Make Social Media Etiquette Part of Your Family’s Value System
A generation ago, a family’s value system likely included topics such as respecting authority, gratitude, charity and boundaries for dating, drinking and a number of other topics central to raising children.
Today, that value system includes social media.
It’s helpful for us, as parents, to shift our mindsets about social media and avoid providing a laundry list of rules, mostly because the era of social media has opened the doors wide open. Meaning that it’s hard to have a set list of do’s and don’ts, considering the landscape changes every day and provides new ways for children to interact with each other, be it friends or strangers.
In the same way we would explain to a small child that they hurt someone’s feelings on the playground, it’s important to get involved in how kids are interacting with others on screen (even if we can’t see every interaction).
Encourage candid conversations, and share stories you hear about social media in the news. Make it part of your bigger value system, and it will open the door to easier involvement on your part.
Set Age Limits
The vast majority of social networks are not open to children under 13. However, as most of us know, it’s easy for children to get around those requirements and establish an account.
Learn the rules for social networks your child wishes to join, and enforce them. Be firm that rules are rules, and then stick to them as much as possible.

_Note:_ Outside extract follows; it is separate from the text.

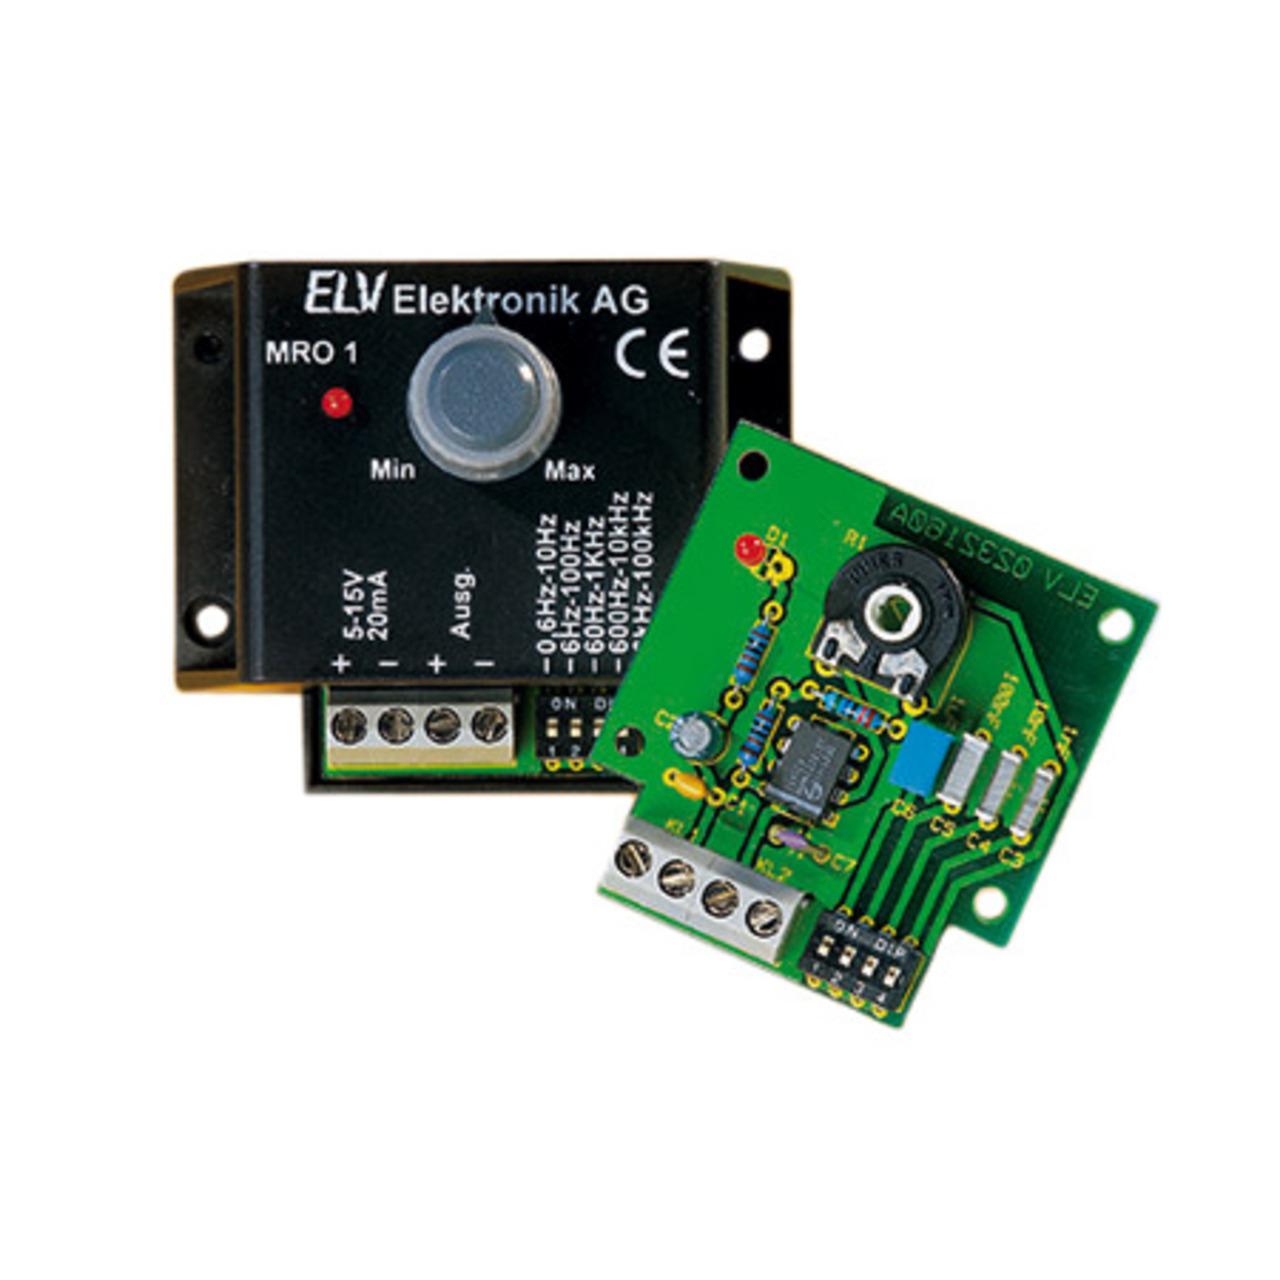 ELV Bausatz Mini-Rechteckoszillator MRO 1 047581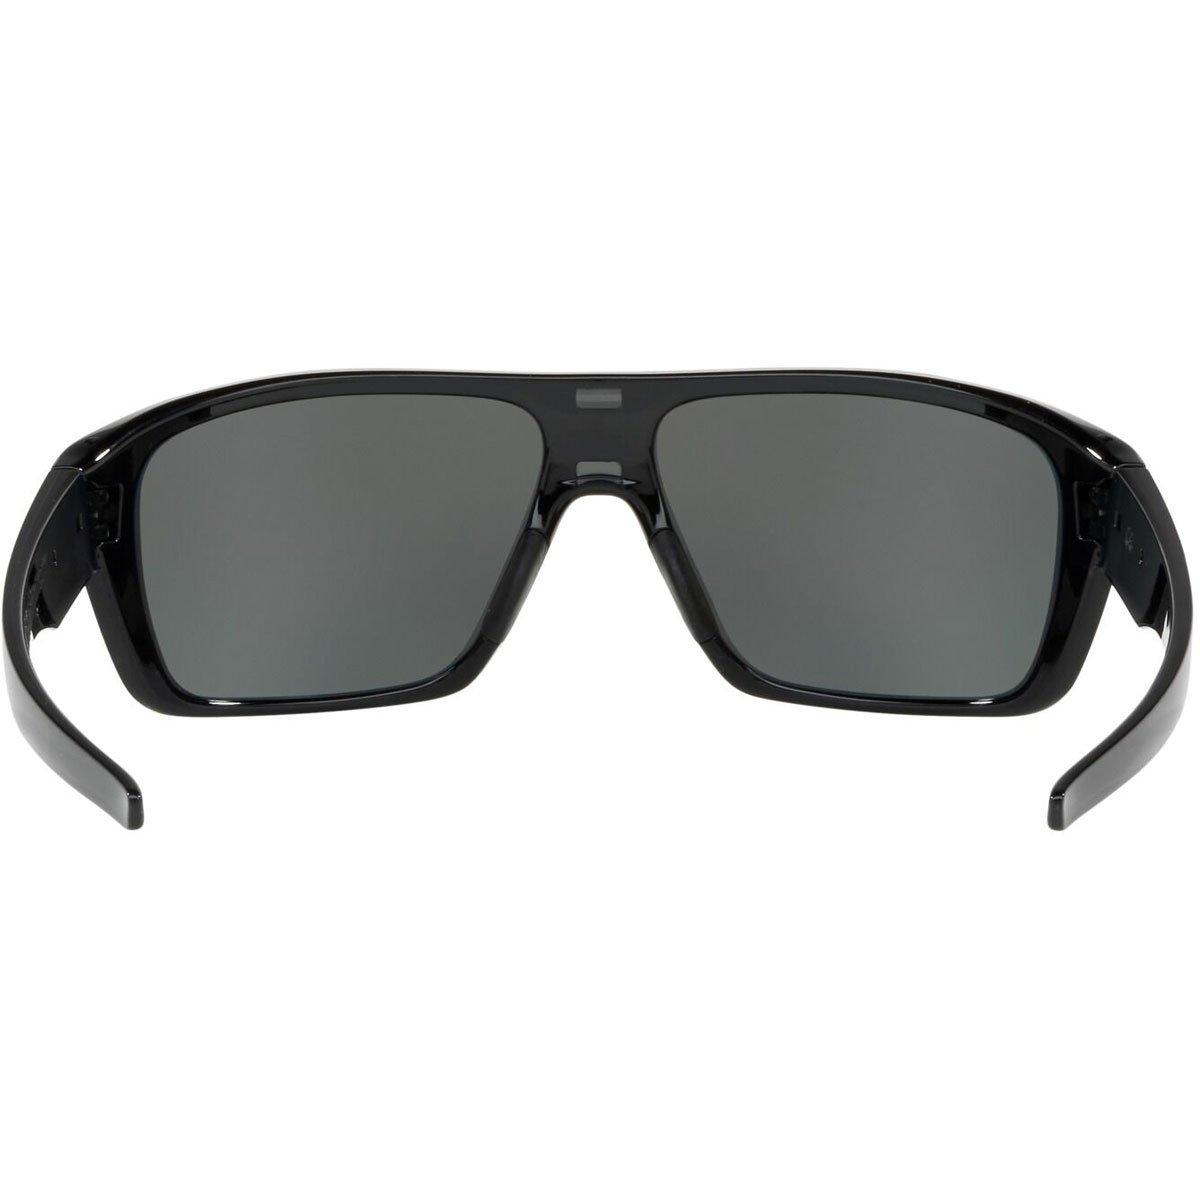 f40a3e0a90 Amazon.com  Oakley Men s Straightback Polarized Iridium Rectangular  Sunglasses

If you have a hunch that your child may have an account they aren’t telling you about, try checking the computer or device history (or consider using parental control software to monitor activity).
Know Your Stuff
There’s no getting around it—we parents need to be knowledgeable when it comes to social media safety for children. That means spending some time on each social media network a child is using (or wanting to use) and understanding the privacy settings and options. Read help sections, especially those focused on security, safety and children, and maybe consider setting up an account for yourself, to get comfortable with the process.
Let your children know you are doing this, and share what you are learning. Ask them questions, as well.
Another good practice is to consider making it a house rule that passwords for everyone under the age of 18 need to be readily available. If your children push back on this (which is likely, especially as they get older), explain the rule in the context of safety. In the same way you have access to and participate in their physical health and records, the same holds true for their interactions on social networks.
Let Children Earn Device Time
Children are accustomed to rules. In fact, they actually like boundaries. And most of us are quite comfortable setting boundaries for things like bedtime, study time and daily lists of do’s and don’ts. So it’s okay to add device and Wi-Fi time to the list. Set specific time limits for use, and consider establishing programs for earning time—15 minutes for every hour of homework completed or every 30 minutes of reading, etc. These incentives work.
Finally, don’t forget that social media safety is a daily issue. Try to keep family computers located in visible areas of the home to easily observe and be available for questions and concerns.
You might consider setting certain restrictions for social networks and Wi-Fi at established times using parental monitoring software. And remember this can apply to all devices, like tablets and cell phones. If there’s Internet access on them, try to apply all of the same rules and restrictions in the device’s settings. If you don’t, kids will most likely learn that this is the fastest, easiest way to use social networks and Wi-Fi without boundaries.
So roll up your sleeves. Get involved. Focus on social media safety every day. It’s an important part of keeping our kids safe in today’s plugged-in world.